La cinta, que narra el conflicto con el narcotráfico en el Estado mexicano de Michoacán y la aparición del fenómeno de las autodefensas a ambos lados del río Bravo, retrata de manera paralela el trabajo de un grupo capitaneado por un veterano de guerra para vigilar la frontera en Arizona y la evolución del conflicto en la entidad mexicana, donde la escalada de violencia provocó la intervención del Gobierno federal en enero de 2014.

Si la película de Heineman fuera un trabajo periodístico, se podrían criticar algunas imprecisiones (por ejemplo, confunde espacios como la plaza de Apatzingán y la de Tepalcatepec) pero lo cierto es que el resultado de su narrativa es un fiel reflejo de que en la lucha contra el narcotráfico (como en casi todo en la vida) no hay héroes ni villanos, los malos nunca son tan malos, ni los buenos tan buenos. “Hacemos esto porque somos pobres, si no andaríamos viajando como ustedes”, confiesa un hombre encapuchado nada más comenzar la cinta mientras sus colaboradores cocinan anfetaminas a medianoche en el bosque.

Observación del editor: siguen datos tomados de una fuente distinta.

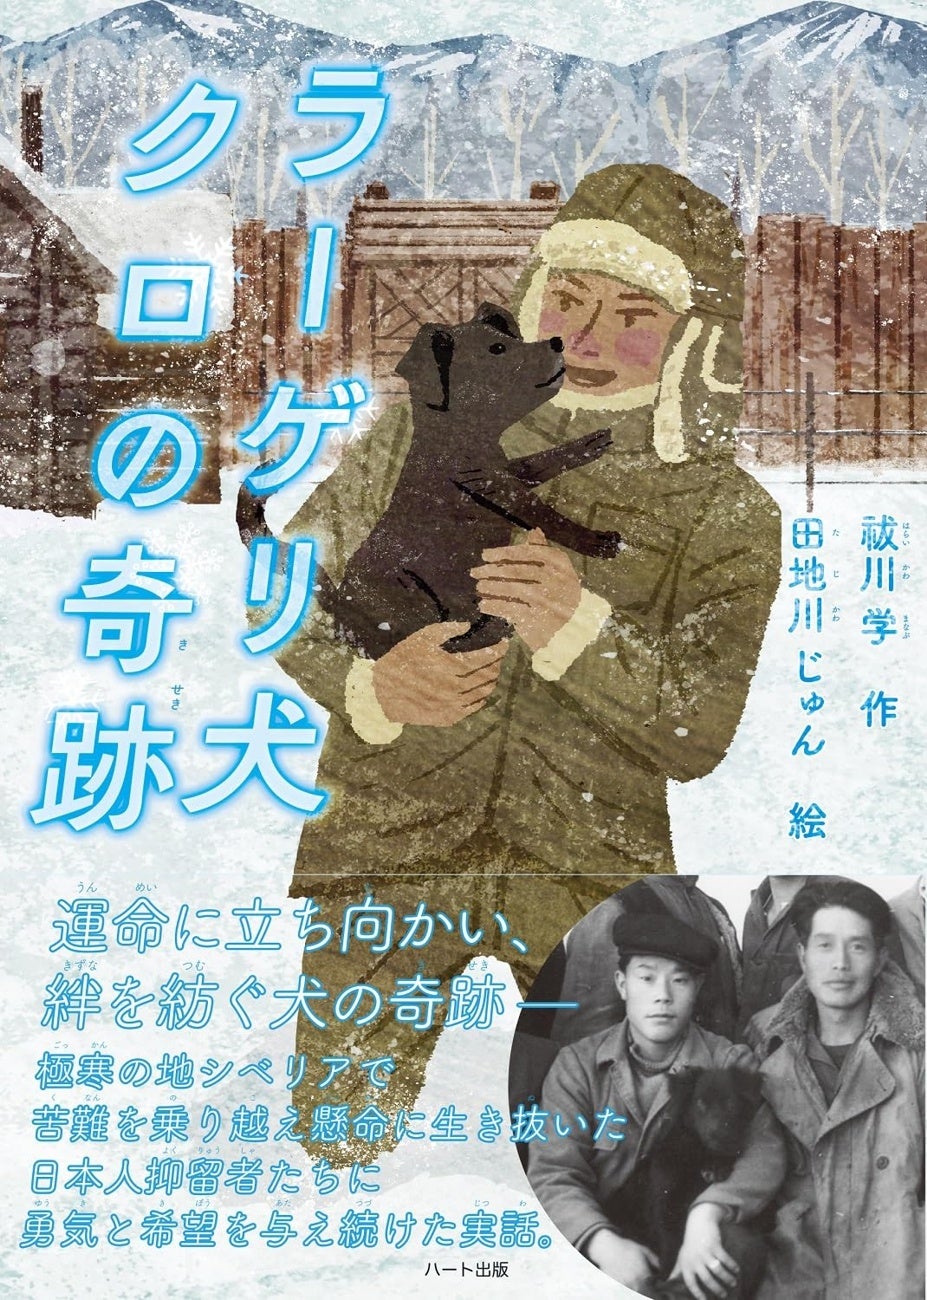 戦後７７年、ソ連による捕虜抑留の記憶も薄れる今、シベリア生まれの野良犬が日本人抑留者たちに勇気と癒やしを与え続けた実話『ラーゲリ犬クロの奇跡』発売
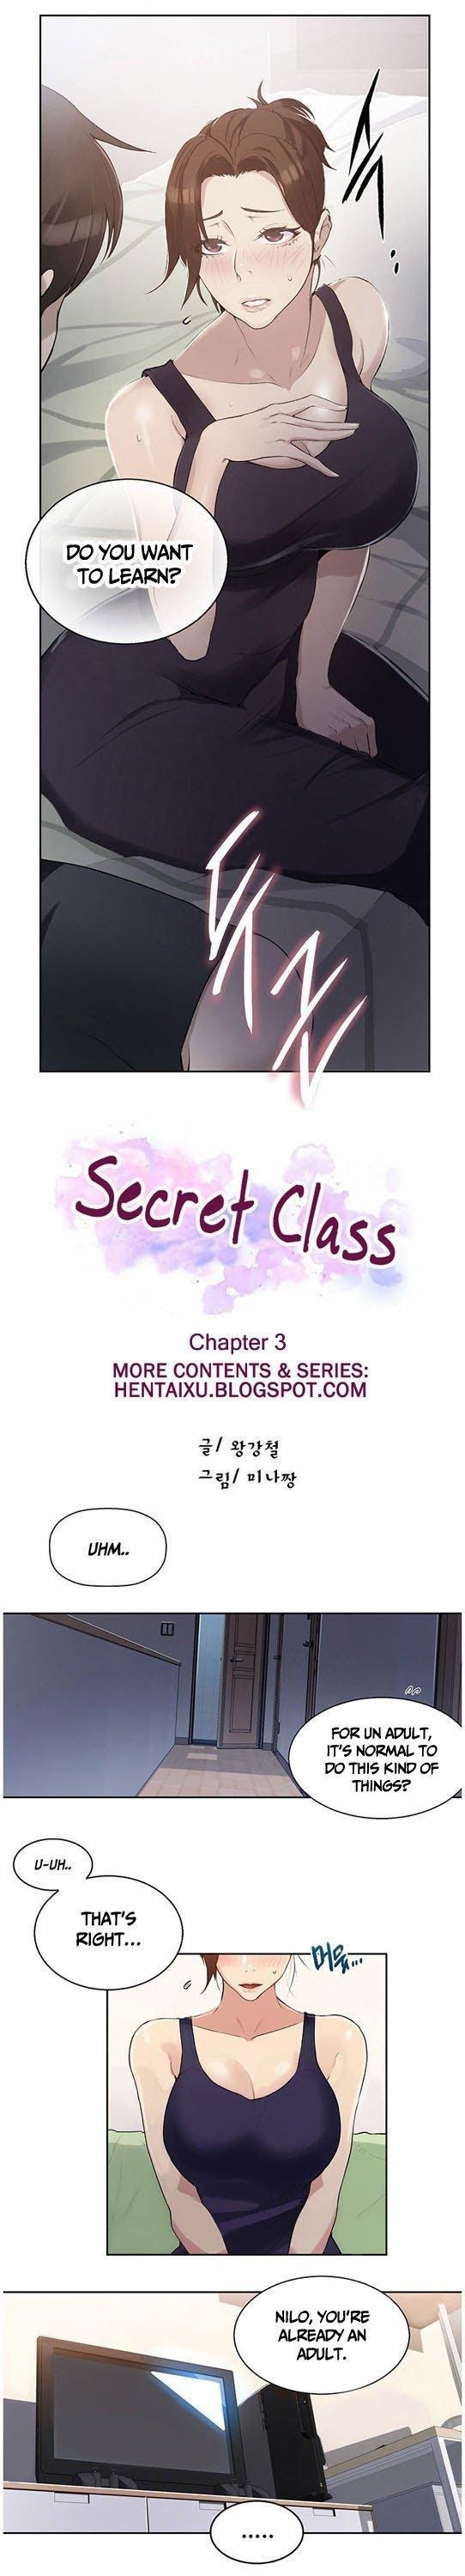 Secret Class Chapter 3 - Picture 1

A lo largo del filme, producido por la oscarizada Kathryn Bigelow (En tierra hostil), Heineman da cuenta de las mismas historias que un periodista que haya pisado la zona tendrá registradas en su libreta. El mérito del director es haber conseguido esos testimonios frente a una cámara, a cara descubierta. Que una viuda explique cómo la secuestraron a ella y a su esposo, cómo a ambos los torturaron y cómo tras múltiples vejaciones, a ella la dejaron ir. En el relato de la muchacha no hay un ápice de exageración y sus palabras recuerdan a las de muchas otras víctimas que conocí en 2014: el matrimonio que mantiene intacta la habitación de su hijo desde que en 2012 su cabeza apareció tirada en una cuneta; los dueños de un negocio que hallaron la de su primogénito en la portada de un diario local; la joven que sufrió abusos; la extorsión a la que fue sometido durante meses Luis, un productor de aguacate; la angustia de la madre de María, cuando su hija desapareció embarazada y nunca más supieron de ella...

La cámara del documentalista, que en ocasiones es víctima del fuego cruzado, persigue a Mireles y abraza su valentía y su liderazgo, pero también muestra su lado oscuro: el hombre que decide dar la espalda a su esposa y comenzar una relación con una joven de 17 años; su expulsión del Consejo General de las Autodefensas y finalmente la detención, el 27 de junio de 2014. Para entonces, el Gobierno de Peña Nieto había retirado a los civiles el permiso para usar las armas, pero él, en un claro desafío a las directrices federales, seguía acudiendo en auxilio de los vecinos que le solicitaban apoyo. El día de su aprehensión, las fuerzas de seguridad hallaron armas y droga en su camioneta, lo encapucharon y lo subieron a un helicóptero durante horas, antes de entregarlo en Morelia, la capital del Estado.

Si Mireles fuera un actor y Cartel Land una película de ficción, el fundador de las autodefensas estaría ahora nominado al Oscar a Mejor Actor. En la vida real, el héroe caído en desgracia vive desde hace año y medio en una prisión en Sonora, a 1500 km de casa, enfermo. El Gobierno ha borrado de la Historia que su alzamiento detonó la solución del conflicto en Tierra Caliente. Sus últimos discursos desde la cárcel han adquirido tintes de fanatismo religioso, la tan anunciada liberación se ha postergado ya en varias ocasiones y los problemas de diabetes ponen en peligro su vida cada cierto tiempo. Si Mireles fuera un actor ganaría ese Oscar, pero la realidad política es bastante menos glamurosa que una película de Hollywood.